The Learning Task Parameters of the XGBoost algorithm are:

a. base_score: the parameter attains the default value as 0.5 while we need to specify the initial prediction score of all the instances including global bias.

b. objective: the default value of the parameter is reg:linear while we need to specify the type of learner that we want for the algorithm. This includes linear regression, Poisson regression, and so on.

c. eval_metric: we need to specify the evaluation of the metrics for data validation. Then the algorithm will assign a default metric to the objective.

d. seed: for this parameter, we need to specify the seed to reproduce the same set of outputs.

Power of XGBoost Algorithm

The main characteristic of this algorithm that sets it apart from the other gradient descent implementations is its scalability. It offers a fast-learning model through parallel and distributed computing which in turn results in efficient memory management.

As a matter of fact, CERN recognizes this algorithm as the best approach to classify signals from the Large Hadron Collider for its performance. In this challenge by CERN, the algorithms needed to have a scalability factor to process the data that was generated at the rate of 3 petabytes per year. It also required the models to effectively distinguish an extremely rare signal from background noises in a complex physical process. Amongst all the competing algorithms, XGBoost was the most efficient and scalable solution for the robust model.

Conclusion

With that, we have reached the end of this article that talks about the XGBoost Algorithm in further detail.

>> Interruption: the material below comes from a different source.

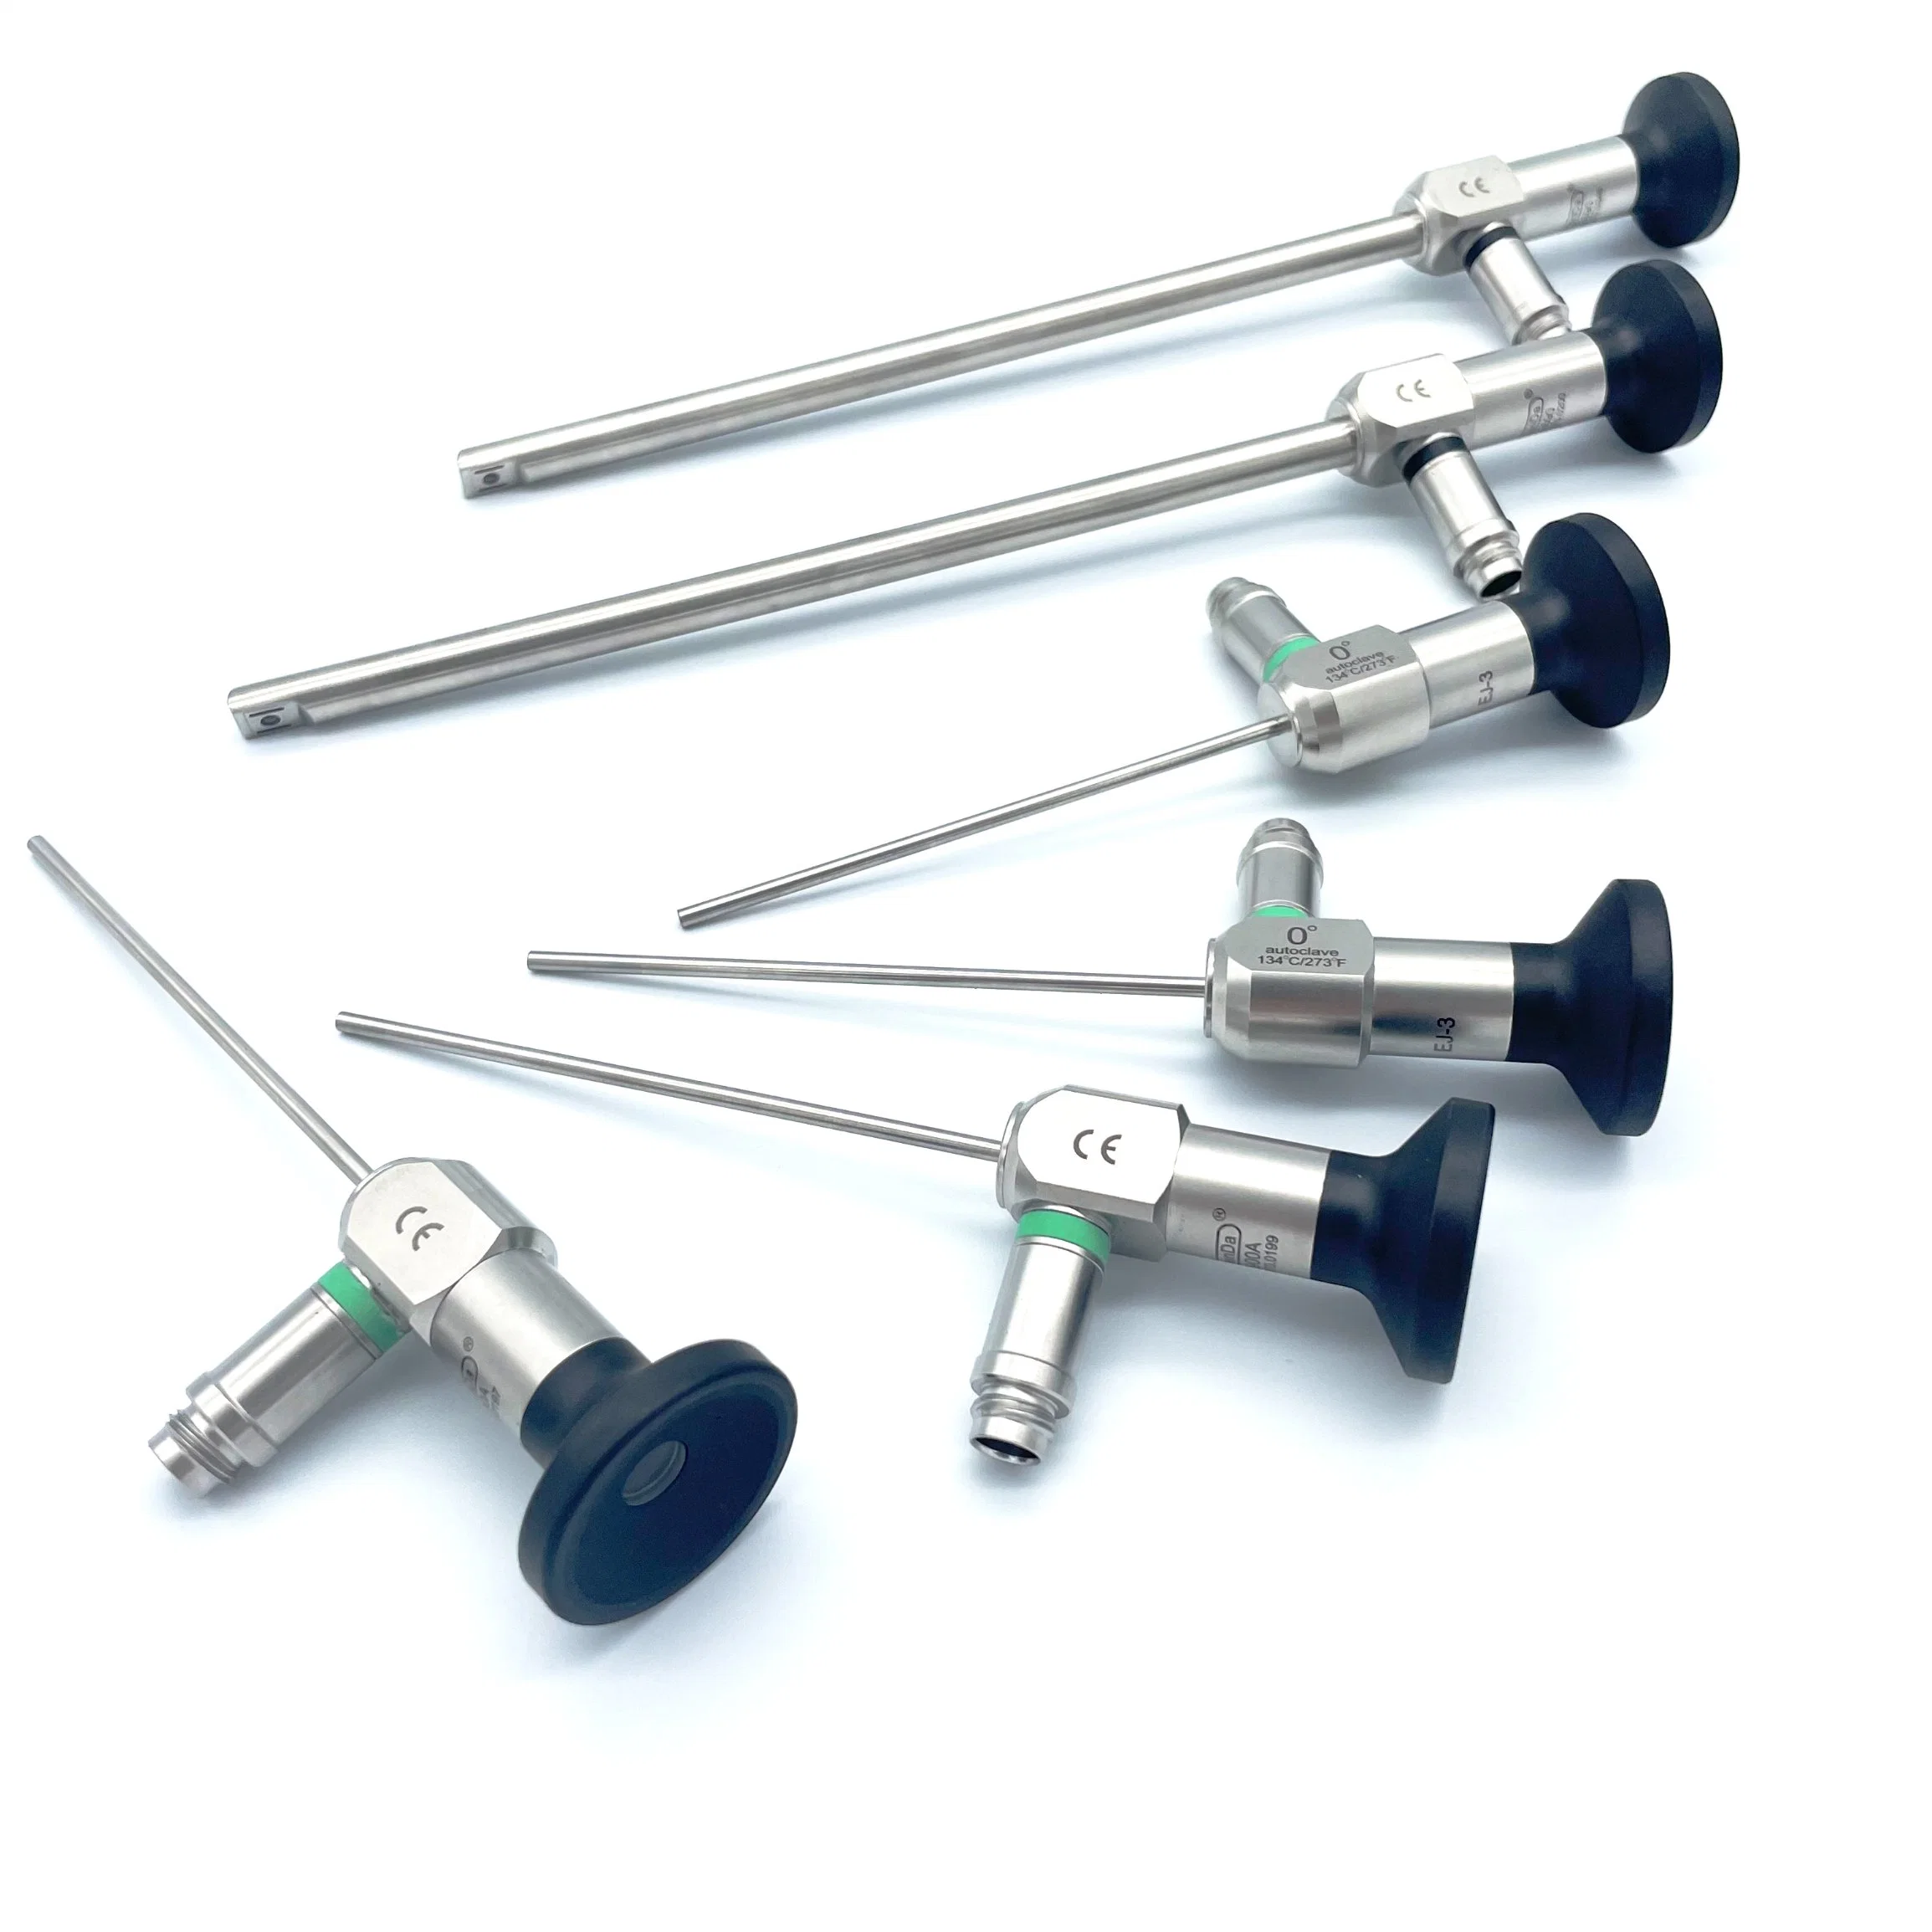 0/30/70 Degree 2.7mm 3mm 4mm Otoscope Set Medical Ear Otoscope Endoscope Ent Endoscope Instruments for Ent Eurgery
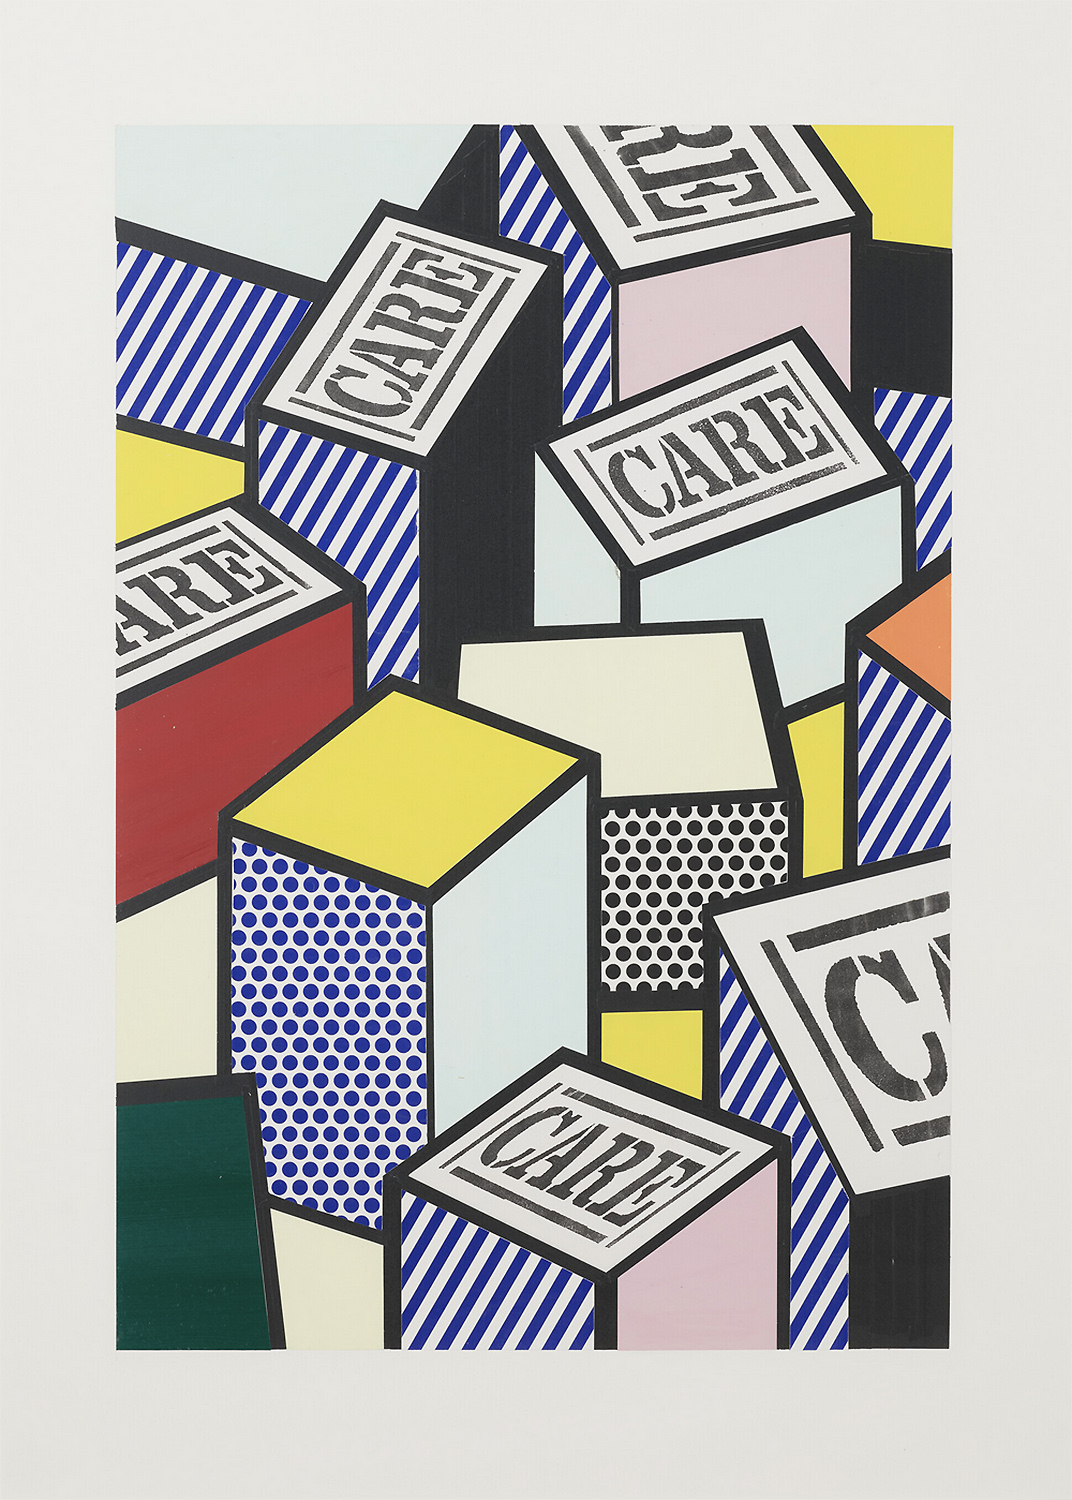 Collage by Roy Lichtenstein with blocks saying "care"

We came across the implementation of XGBoost in Python. We walked through a detailed introduction of the various parameters that we use in the implementation of XGBoost. Lastly, we came to know about the power of this algorithm in comparison to the other algorithms. In conclusion to this article, we can only say that XGBoost is certainly proving to be a game-changer in the field of classification and regression algorithms.